Foodservice News This Week:

  • Lowering blood alcohol limits for driving has received a cool reception from the National Restaurant Association as well as the American Beverage Institute, which represents 8,000 restaurants that serve beverage alcohol. The National Transportation Safety Board has proposed lowering the blood alcohol limit for driving from the current level of 0.08 percent to 0.05 percent. The NTSB has no authority to set limits for drunk driving but can enforce their rules by withholding federal funds. This is how the government agency got the states to adopt the 0.08 percent limit although it took 20 years. Restaurants fear not only the loss of profits from their bar business but an overall loss of food sales as well if people can't drink at their establishments. Restaurant spokespersons point out less than 1 percent of highway deaths involve impaired drivers in the 0.05 percent to 0.08 percent range. They also note that a person of small stature could hit or exceed the 0.05 percent level with just one drink.
  • France looks to frozen foods to protect their bottom lines as wages climb. Made from scratch dishes are being replaced by frozen product as minimum wage in France has climbed more than 36 percent in real terms since 1990. Of course, in the land of great chefs and great dining, there are holdouts who still make everything in their kitchens and this group is lobbying for full disclosure on where the food comes from.

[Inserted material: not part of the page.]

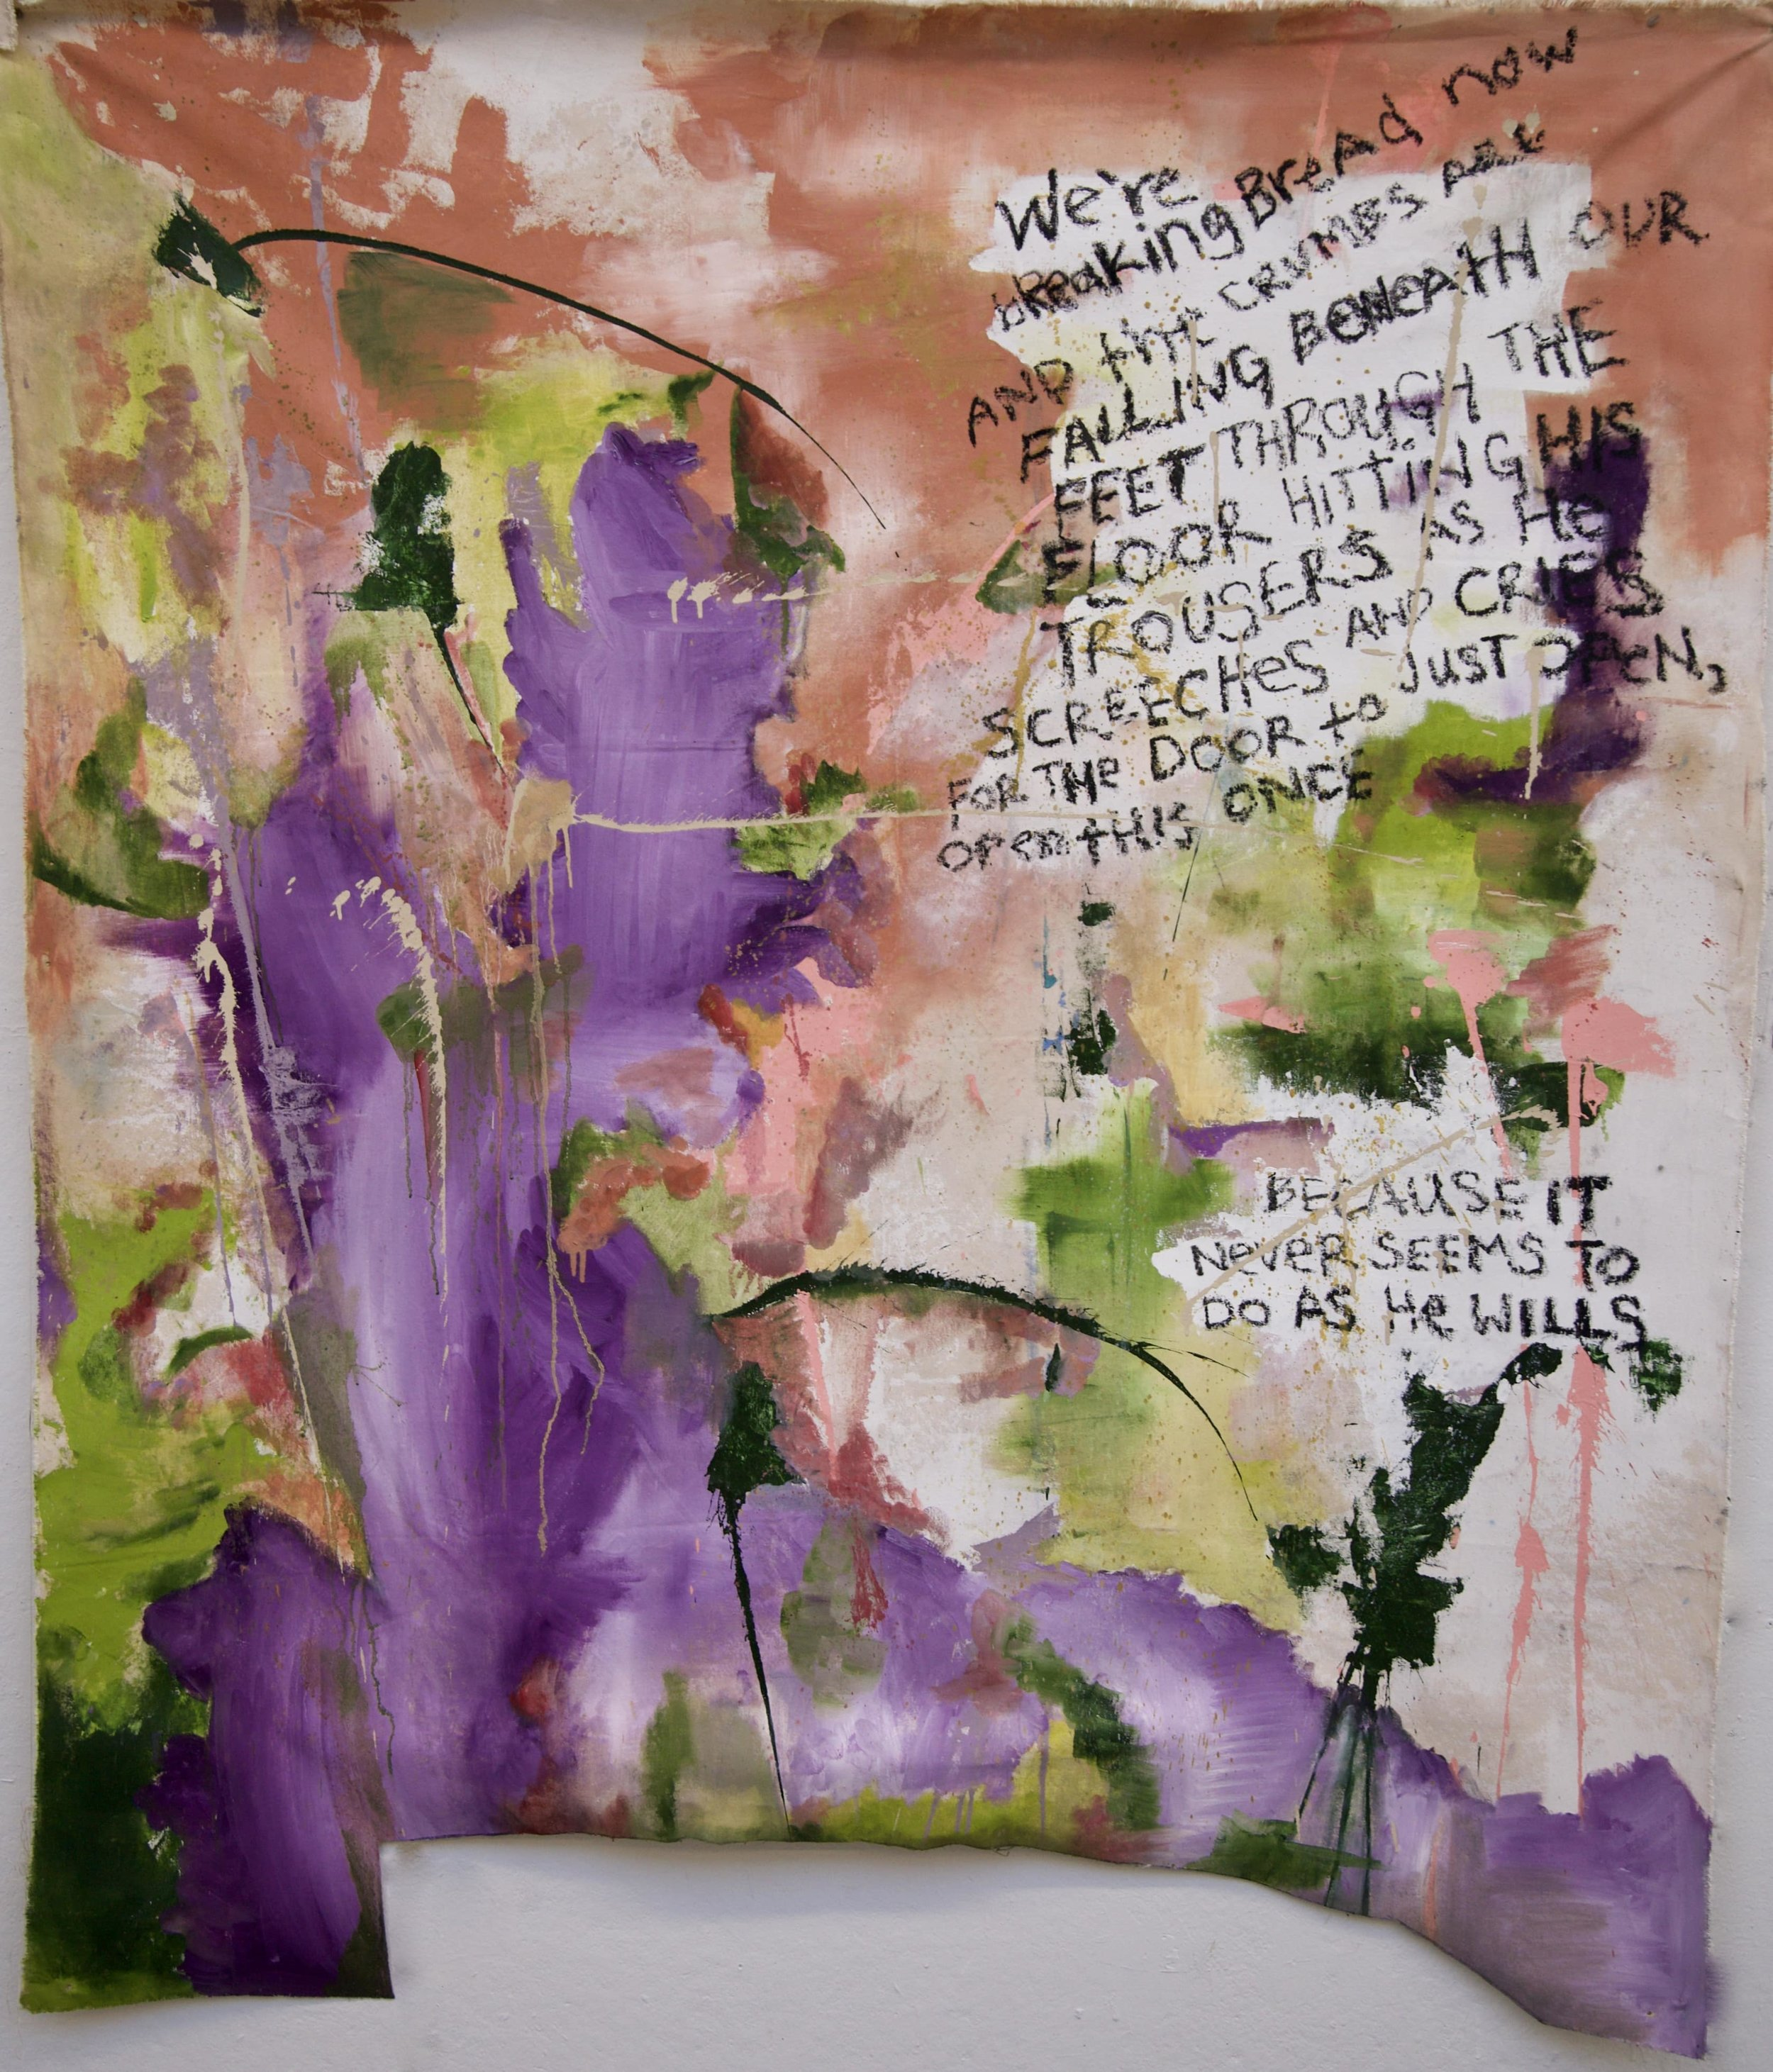 Downstairs Neighbour, 2018, oil on canvas, 6 x 6.5 feet, $1150

  • Sandwiches are a fast growing foodservice product, according to data from Technomic. The total sandwich category itself is not growing but more consumers are eating them away from the home. Nearly half of all sandwiches are ordered out, which is up from 44 percent in 2010.
  • Smaller menus at McDonald's are apparently in the works as the fast food giant reduces its current 145 items now being offered. McDonald's menu has grown 70 percent since 2007 according to Bloomberg News which quoted a corporate email to McD's franchisees. At least seven items are potentially going to be removed although a spokesperson for the chain played down the matter, stating that the company has been adding and removing menu items for decades.
  • McDonald's china expansion will result in 75,000 new positions this year on top of the 90,000 people they currently employ in the country.
  • Two Memphis barbeque giants died on the same day. John Willingham, founder of Willingham's World Champion Bar-B-Que and Don Pelt's, founder of the Corky's BarBQ, both died on the opening day of the Memphis in May World Championship Barbeque Cooking Contest this month.
  • Growth Chains: Krystal plans on opening 13 new locations by the end of the year. Noodles & Company's franchisee in New Jersey plans on opening 40 restaurants in the Northern and Central parts of the state while another franchisee has plans for 20 locations on Long Island, N.Y. Tim Horton's has signed an agreement for building 100 restaurants in Saudi Arabia. Starbucks has announced they plan on growing from 350 outlets in India to 4,000.
  • Comparable Store Sales Reports: Ark Restaurants (down 4.4 percent), Country Style Cooking (down 4.1 percent), Diversified Restaurant Holdings (up 3.5 percent), Granite City (up 2.7 percent), Jack in the Box (system up 0.1 percent, company-owned up 0.9 percent and franchised down 0.2 percent), Qdoba (system down 1.5 percent, company-owned down 0.5 percent and franchised down 0.9 percent) and Steak N Shake (up 0.3 percent).